Catholic teaching is always an all-or-nothing proposition.

But sometimes, it is straight-up heretical, like the claim that Our Blessed Lord needed the Syrophoenician woman to help Him understand that His mission was for the gentiles as well, not just the Jews. Well, thank God Jesus just happened to stumble into that town at that time, or all of us gentiles would have been pretty much doomed if that woman hadn't pointed that out to the Son of God.

Likewise, thank God that God had the humility to listen to her and change His mind and come to a better understanding of Himself. What an insane, spiritually poisonous exegesis Martin inflicts on the faithful and, more to the point, is allowed to inflict — allowed by the very same cowards in miters who have permitted disaster to be visited upon the Church, in all quarters of the Church, be it heresy or schism.

Each leads away from the Church and the truth of authentic Catholicism. Like Martin Luther, James Martin is one of many pied pipers leading the children of God over the cliff. He just uses heresy as his favorite instrument; others use schism.
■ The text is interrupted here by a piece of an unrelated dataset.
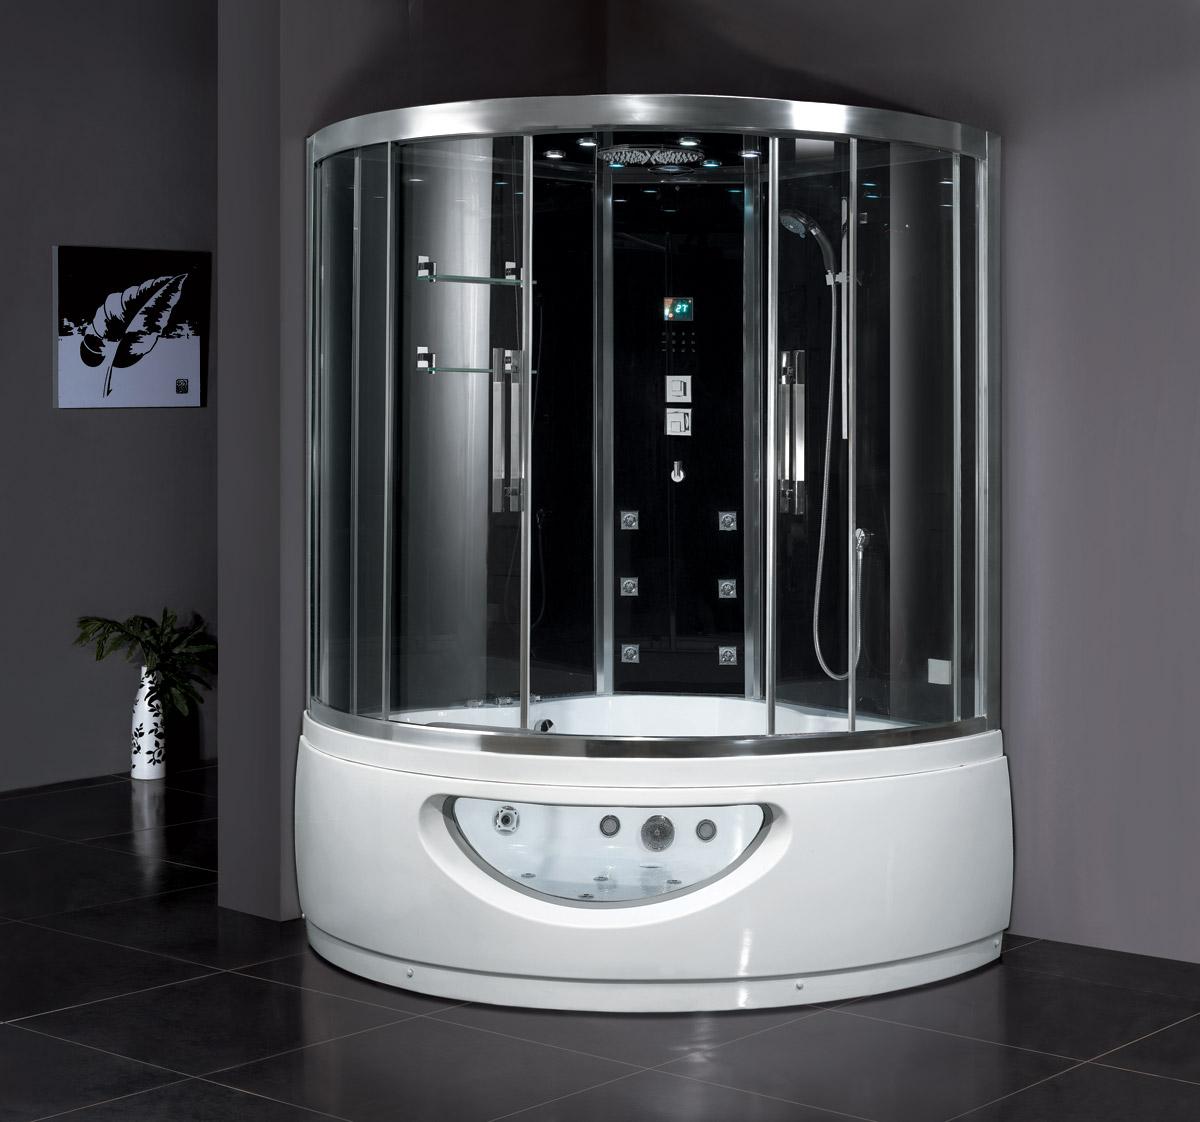 Claudius Steam Shower with Whirlpool Bathtub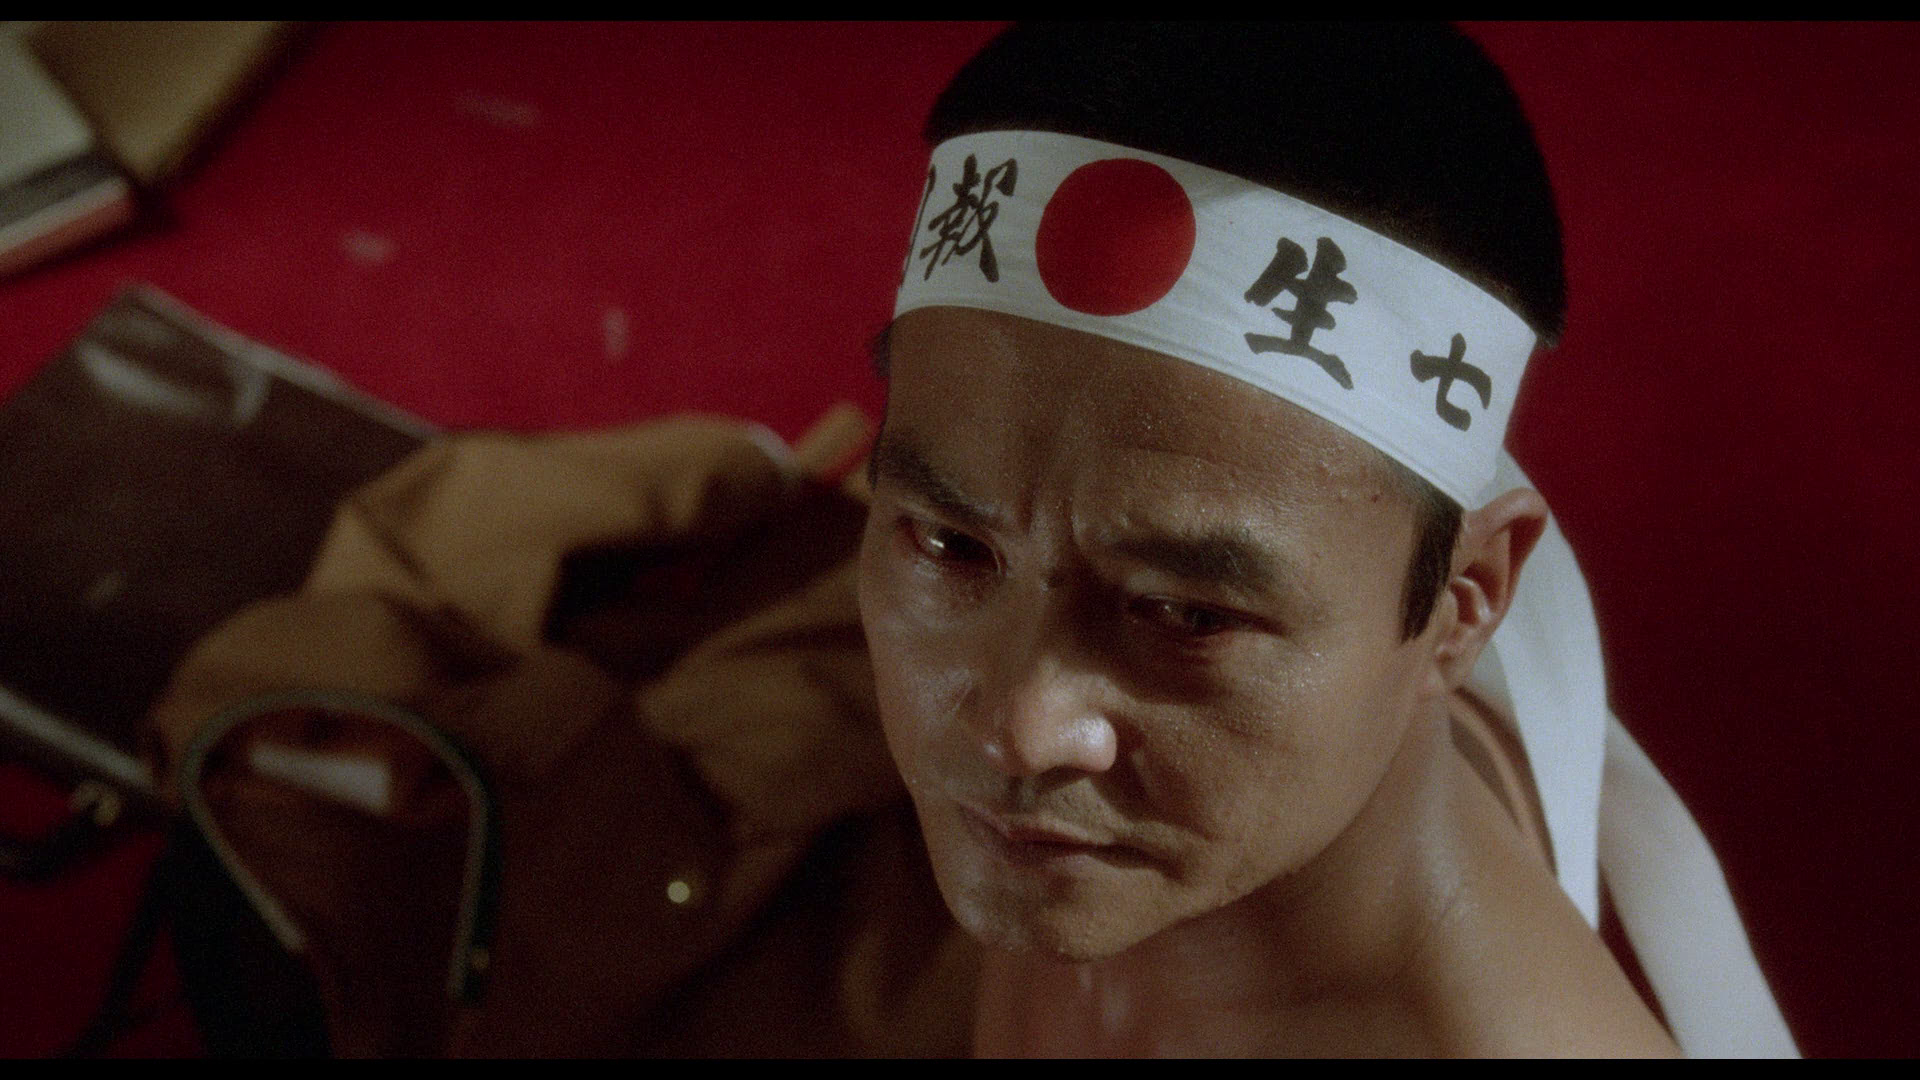 Ken Okada in Mishima

James Martin needs to be put on trial for heresy.

He needs to explain in full detail, without the use of his diabolical vagueness, precisely not only what he believes about the Church and Her teachings, but also that he absolutely and without any reservation accepts and believes with divine and Catholic faith everything the Church proposes for salvation — and that includes, most especially in his case, that men having sex with men is, at all times and everywhere, evil.

Other priests cannot be laicized or marginalized for much lesser reasons and this Martin not held to account as well. Martin, of the Luther sort, was excommunicated. James Martin, for the good of his soul and all those he currently plunders, must also be excommunicated for his manifest evil and heresy. He must recant and repent, or, as St. Paul says, be cast out and handed over to the Devil.

The bishops had better come to understand, in short order, that they are going to face judgment on these very matters when they die. They don't get to remain silent about this marauder. They have let a wolf into the fold, again with the name of Martin.